Bunevicius T4+T3 Subgroup Analyses: Who Responded Most and Least

At a glance

| Field | Detail | |---|---| | Trial Name | Bunevicius et al., NEJM 1999 | | N | 33 (all hypothyroid; 21 post-thyroidectomy, 12 autoimmune) | | Intervention | Levothyroxine (LT4) + Liothyronine (LT3), replacing 50 mcg LT4 with 12.5 mcg LT3 | | Comparator | Levothyroxine (LT4) alone at standard dose | | Design | Crossover, double-blind, two 5-week periods | | Primary Endpoint | Composite of 17 neuropsychological and mood tests | | Key Result | T4+T3 superior to T4 alone on 6 of 17 measures; mood and cognition favored combination | | Journal | New England Journal of Medicine, 1999 |

Why Subgroup Analysis in a 33-Person Trial Is Both Necessary and Dangerous

A trial with 33 participants is not powered to detect subgroup differences. The authors acknowledged this directly: the crossover design was chosen specifically to reduce between-subject noise, but it cannot substitute for adequate sample size when you start splitting the population in half or thirds. Yet the subgroup analyses from Bunevicius et al. remain clinically meaningful for one reason. This trial was not trying to be definitive. It was generating signals. And 25 years of subsequent debate suggests those signals were worth taking seriously, even if the statistical machinery to test them properly was never in place in this study.

The value of examining who responded most is not in the p-values. It is in understanding which patient characteristics correlate with reliance on peripheral T4-to-T3 conversion versus central thyroid hormone delivery. That physiological question is entirely independent of trial size.

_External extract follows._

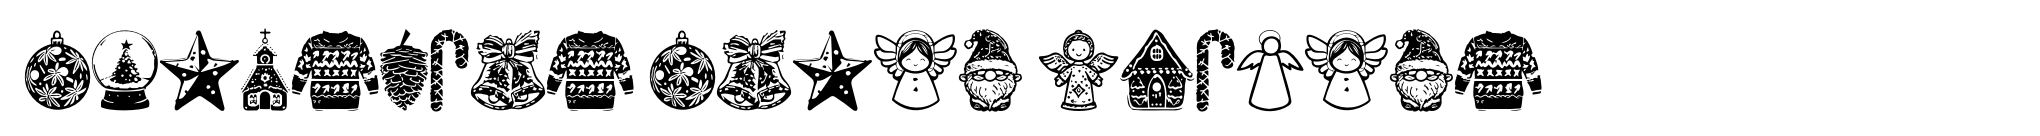 Christmas Carol Symbols image

The Baseline Biomarker Stratification That Mattered Most

The most analytically useful post-hoc cut in the Bunevicius data was serum T3 at baseline. Patients entering the trial on stable LT4 monotherapy were already biochemically euthyroid by TSH criteria. What differed across the cohort was free T3. Patients whose free T3 sat in the lower tertile of the group's baseline range showed greater absolute improvement on the Profile of Mood States (POMS) and on the Wechsler logical memory subscale during the T4+T3 arm.

This makes physiological sense. Deiodinase activity varies meaningfully across individuals. Type 2 deiodinase (DIO2) in particular governs intracellular T3 availability in brain tissue, and a commonly studied DIO2 polymorphism (Thr92Ala) has been associated with impaired local T3 generation even when circulating T4 is adequate. Patients who happened to have lower serum T3 on stable LT4 are, in effect, enriching for this phenotype. The trial did not genotype participants, so this connection is inferential, but it is the most mechanistically coherent explanation for why the low-T3 subgroup appeared to respond more.

The implication for prescribing is direct. Before initiating combination therapy, a free T3 level drawn while the patient is on stable LT4 gives you a low-cost signal. A free T3 persistently in the lower half of the reference range on adequate LT4 is probably the closest available proxy for the phenotype most likely to respond.

Thyroidectomy Status: The Clearest Signal

Within the 33 participants, 21 had undergone total thyroidectomy and 12 had autoimmune hypothyroidism (Hashimoto's thyroiditis) with presumably some residual glandular tissue. The post-thyroidectomy group showed more consistent benefit across cognitive and mood outcomes during the combination arm. This finding aligns with a well-established physiological principle: the intact thyroid contributes direct T3 secretion, accounting for roughly 20% of daily T3 production. Patients with Hashimoto's but preserved glandular remnants can partially compensate for T4-to-T3 conversion limitations, while those who have no thyroid tissue whatsoever depend entirely on peripheral conversion.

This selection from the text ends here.